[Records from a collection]
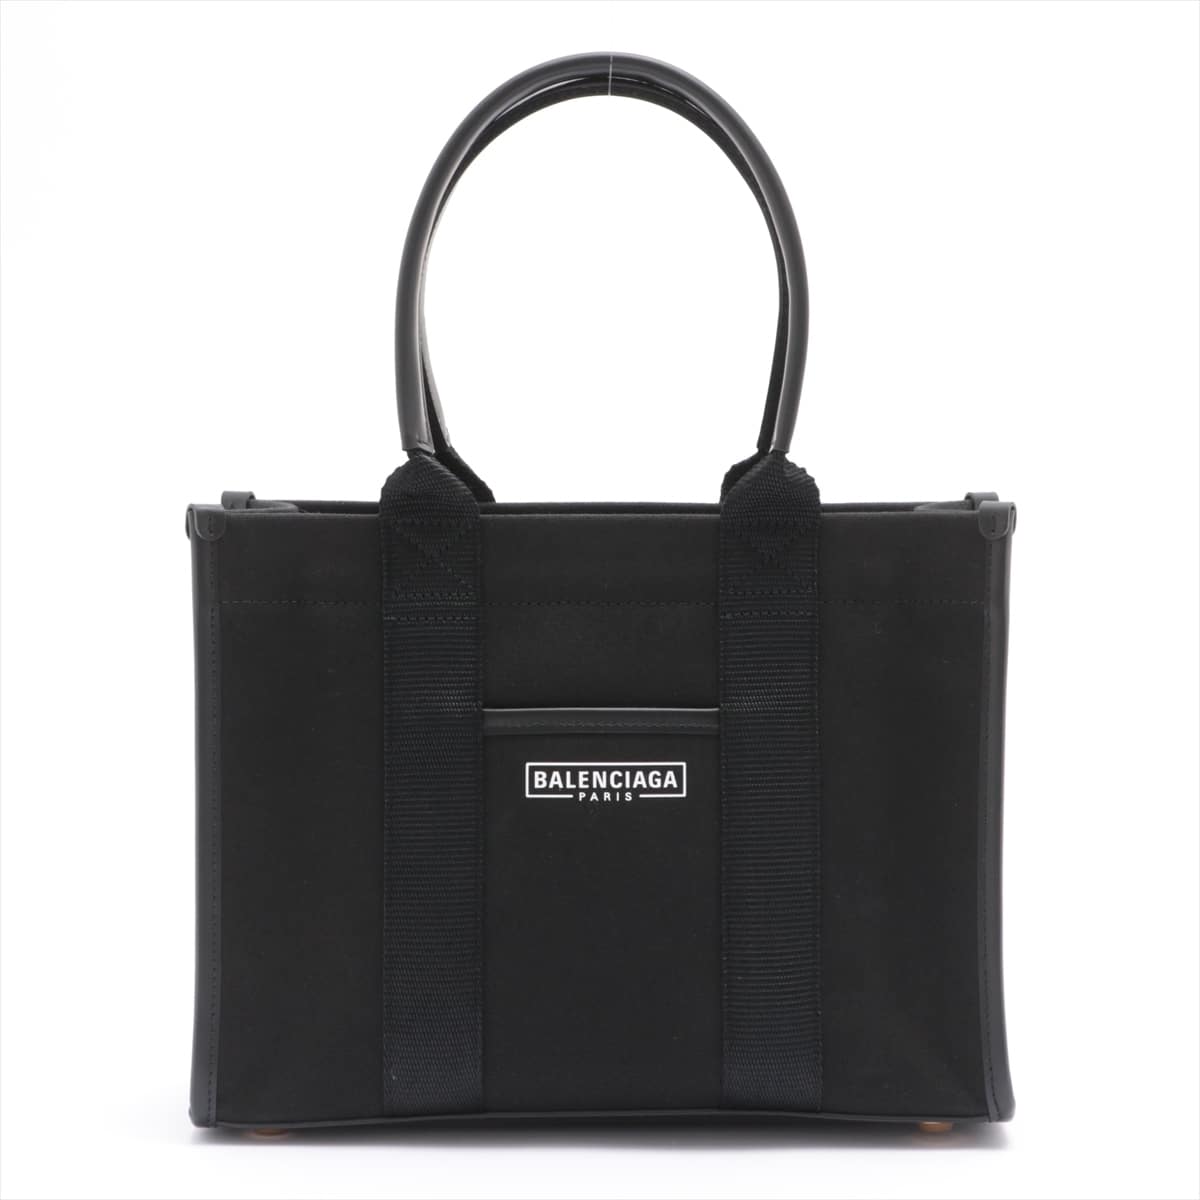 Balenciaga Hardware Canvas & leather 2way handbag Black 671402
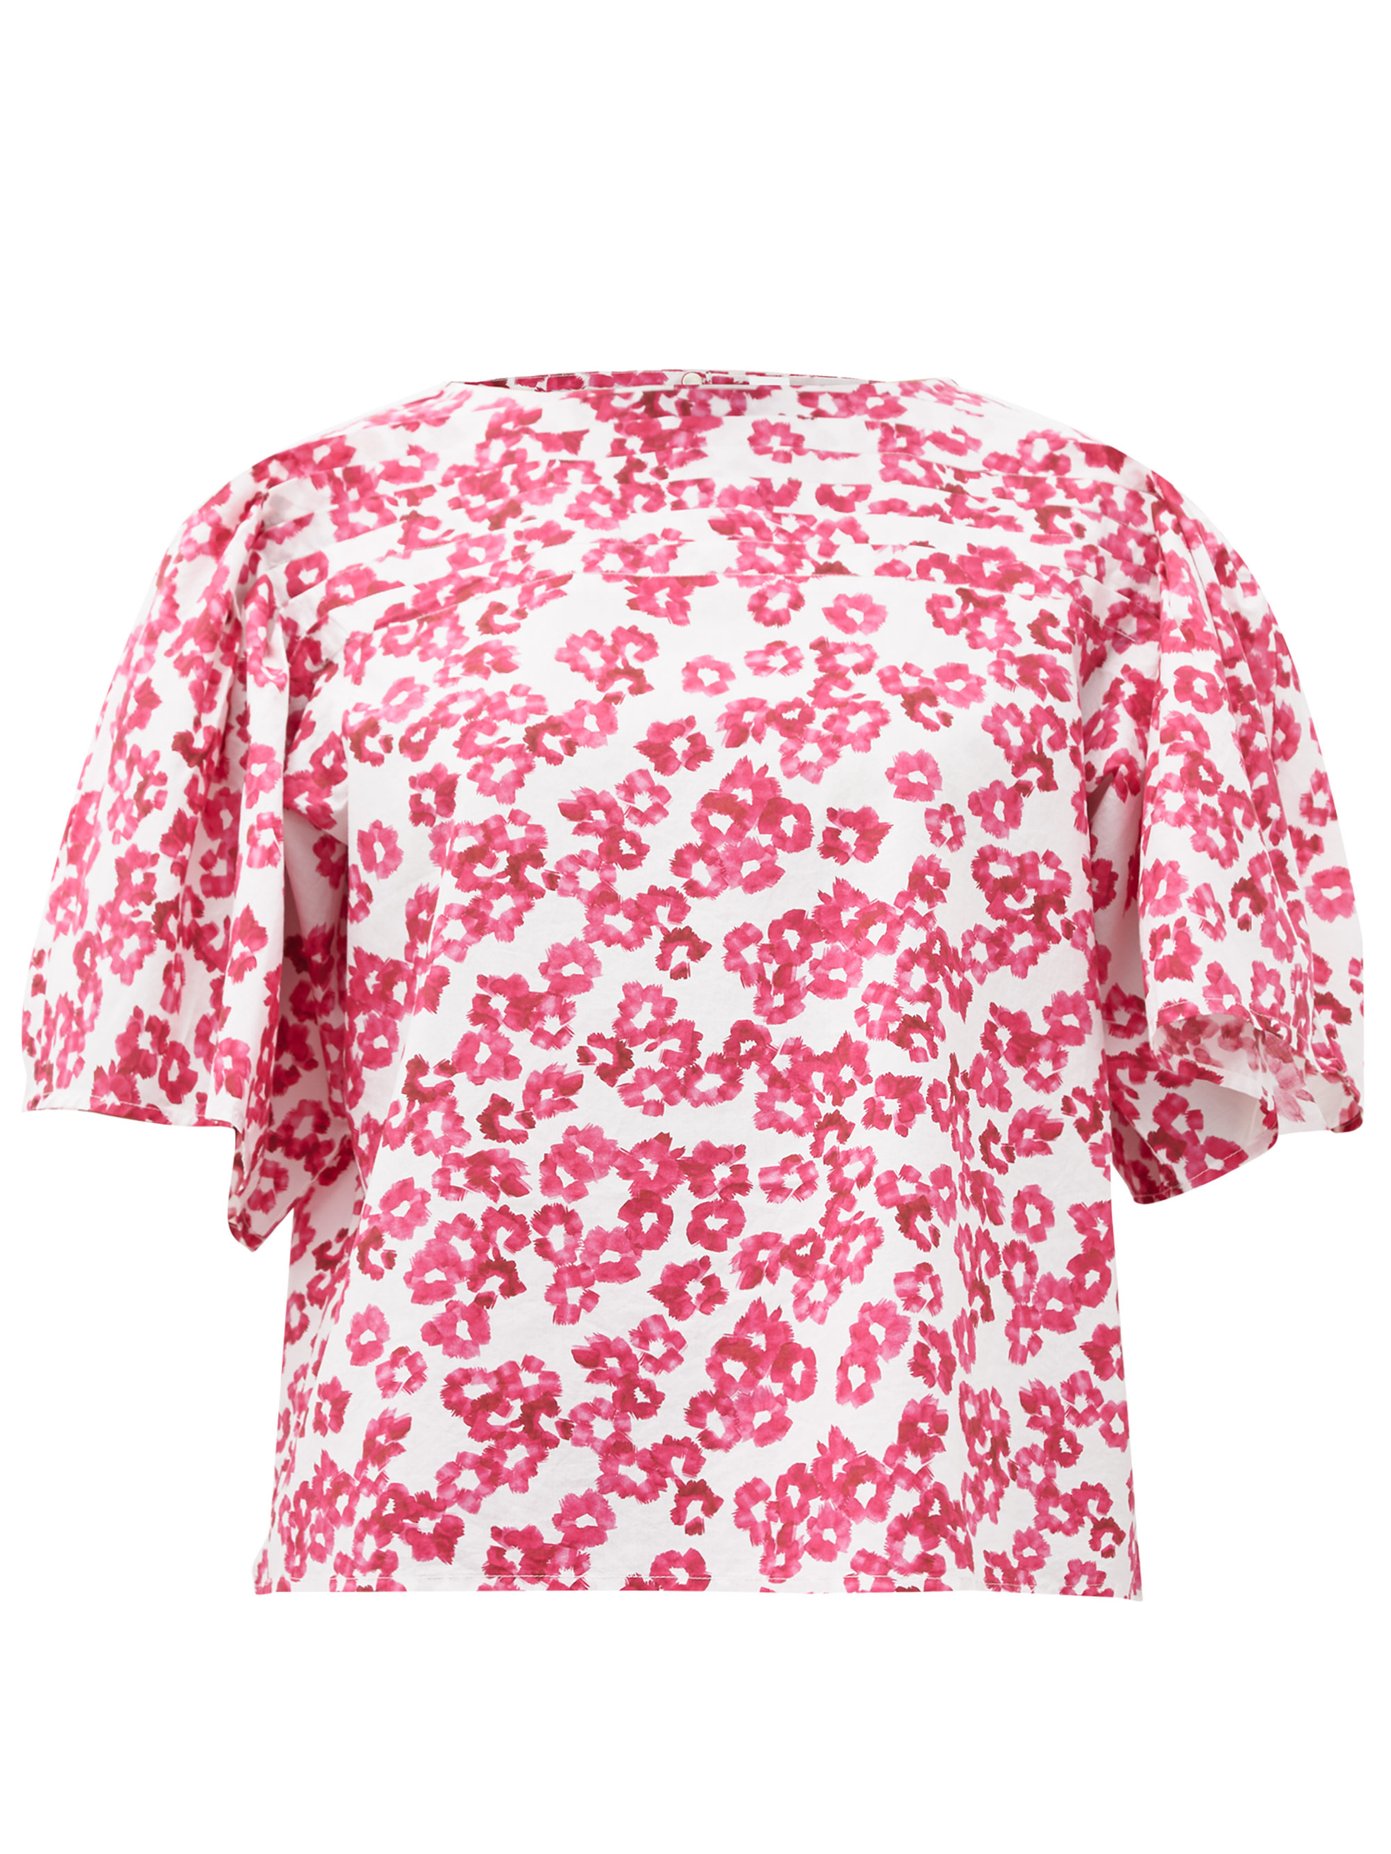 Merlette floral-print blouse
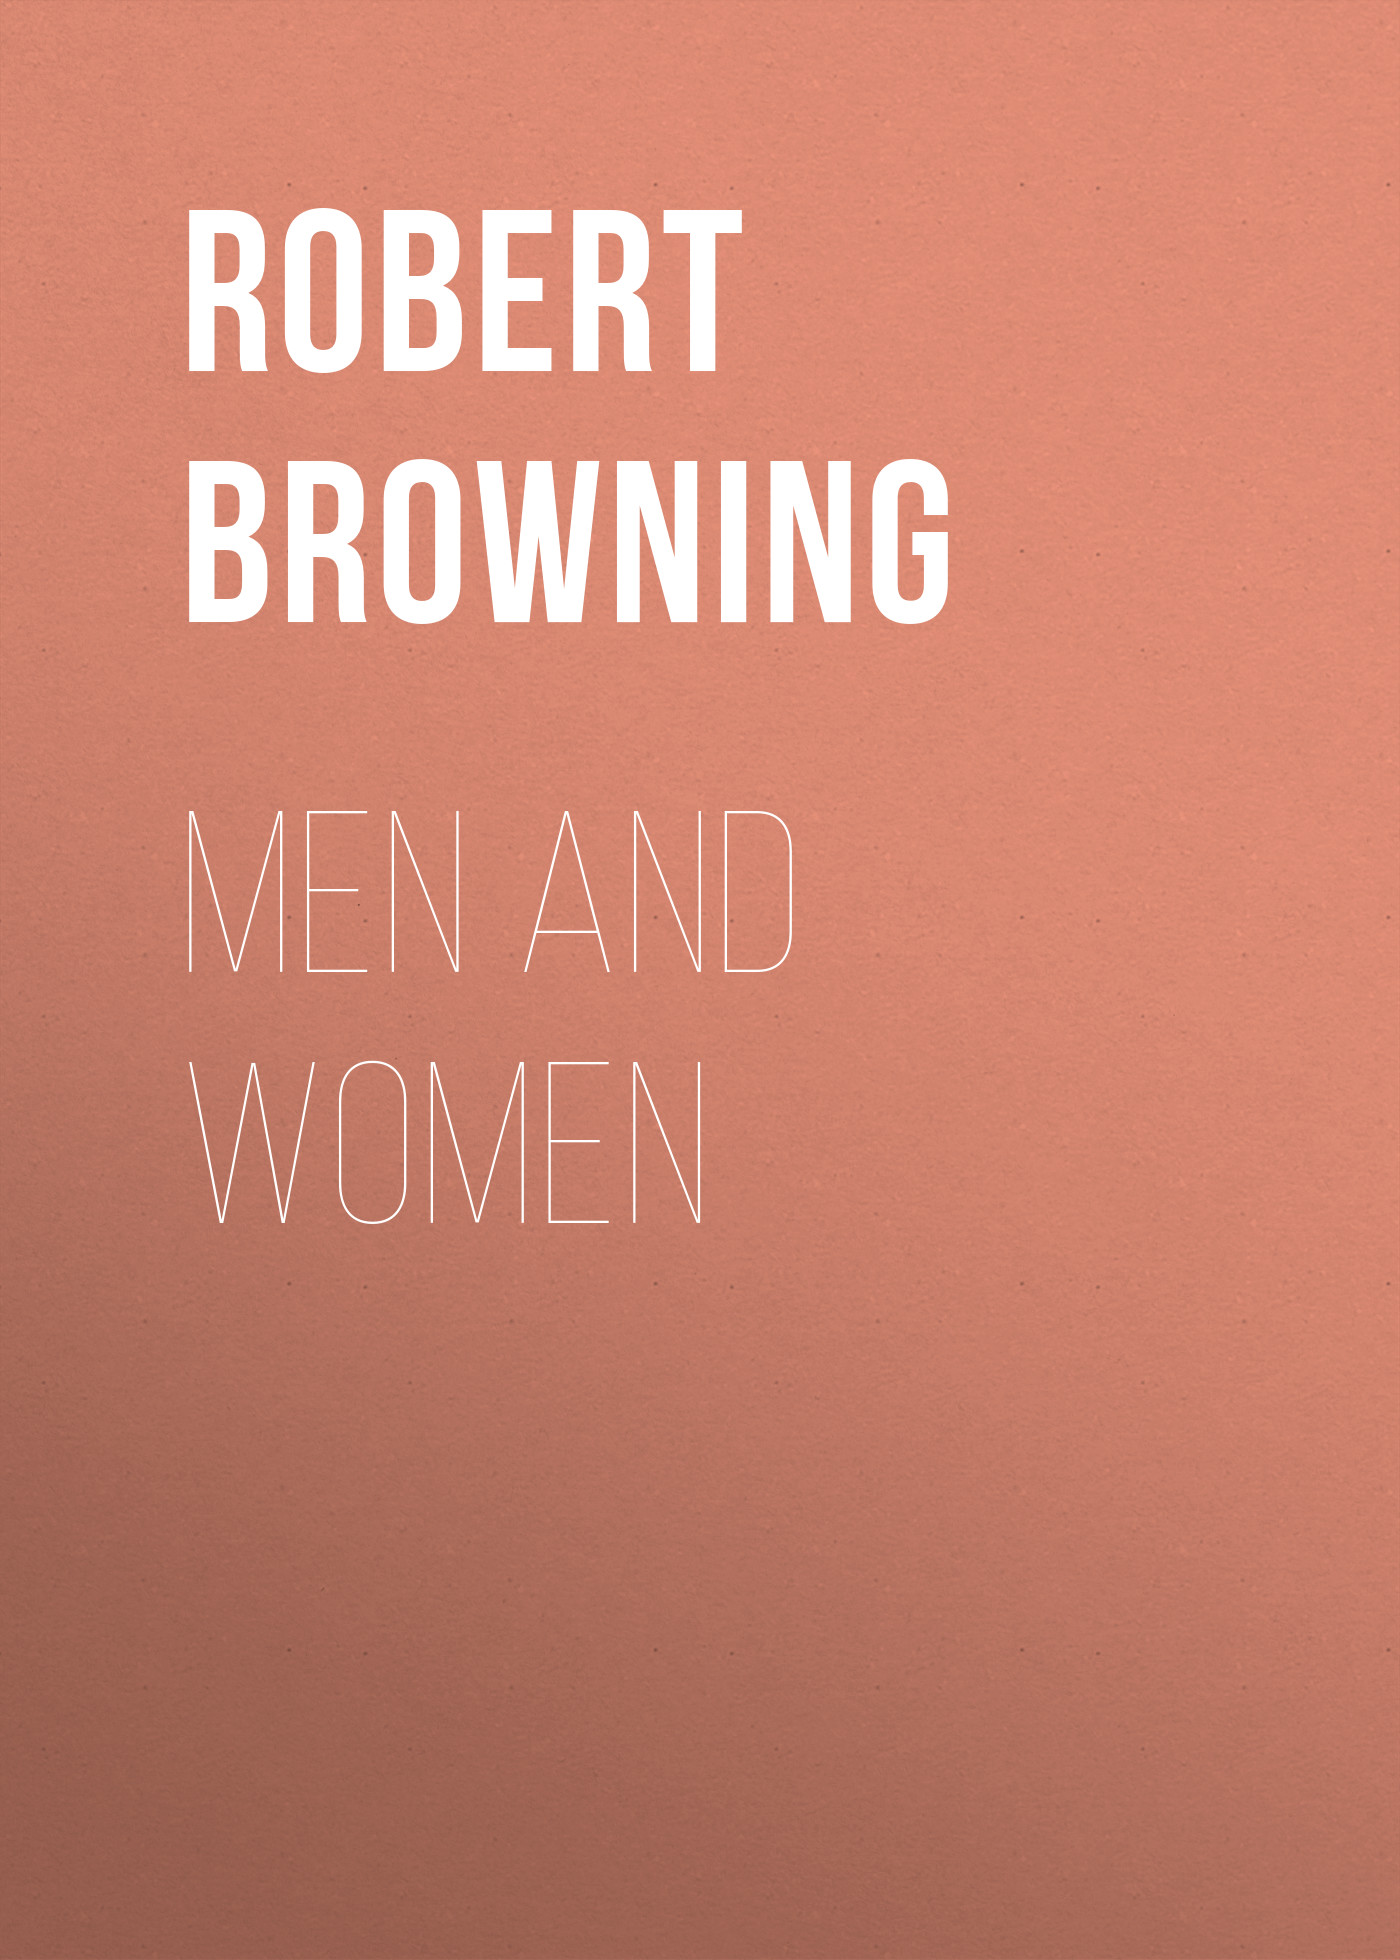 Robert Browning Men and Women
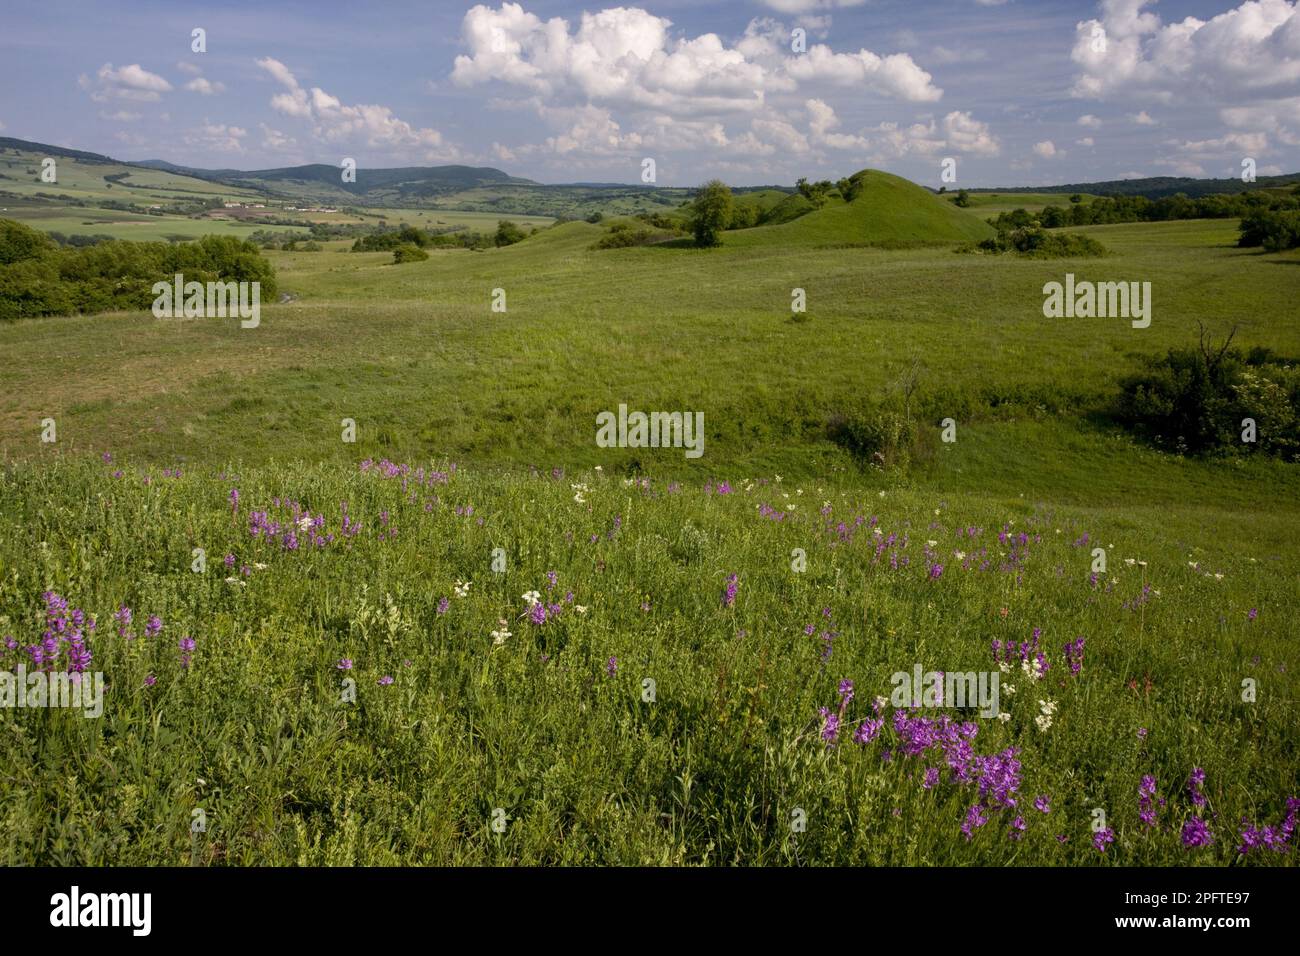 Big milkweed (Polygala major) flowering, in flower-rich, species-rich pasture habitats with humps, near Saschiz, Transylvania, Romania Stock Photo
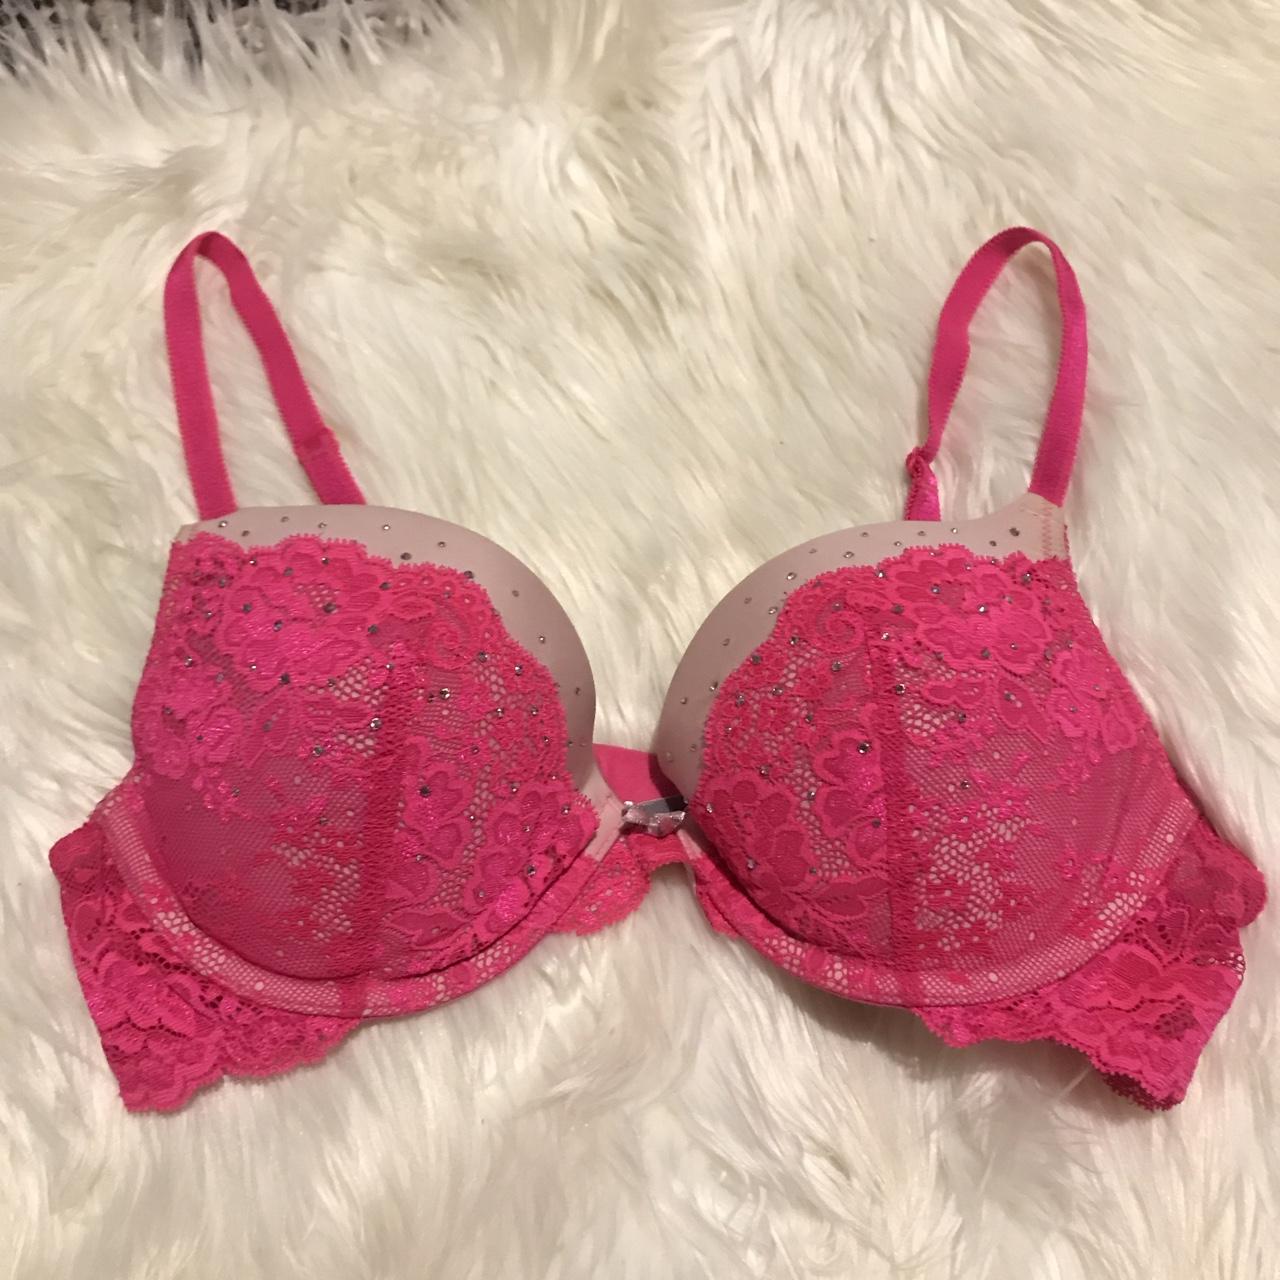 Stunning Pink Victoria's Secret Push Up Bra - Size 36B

* **What to work on**
Transcribe the data exactly, minus any images.

* **Task result**
 Balenciaga Hardware Canvas & leather 2way handbag Black 671402
 Merlette floral-print blouse
 Robert Browning Men and Women
 Big milkweed (Polygala major) flowering, in flower-rich, species-rich pasture habitats with humps, near Saschiz, Transylvania, Romania Stock Photo
 Stunning Pink Victoria's Secret Push Up Bra - Size 36B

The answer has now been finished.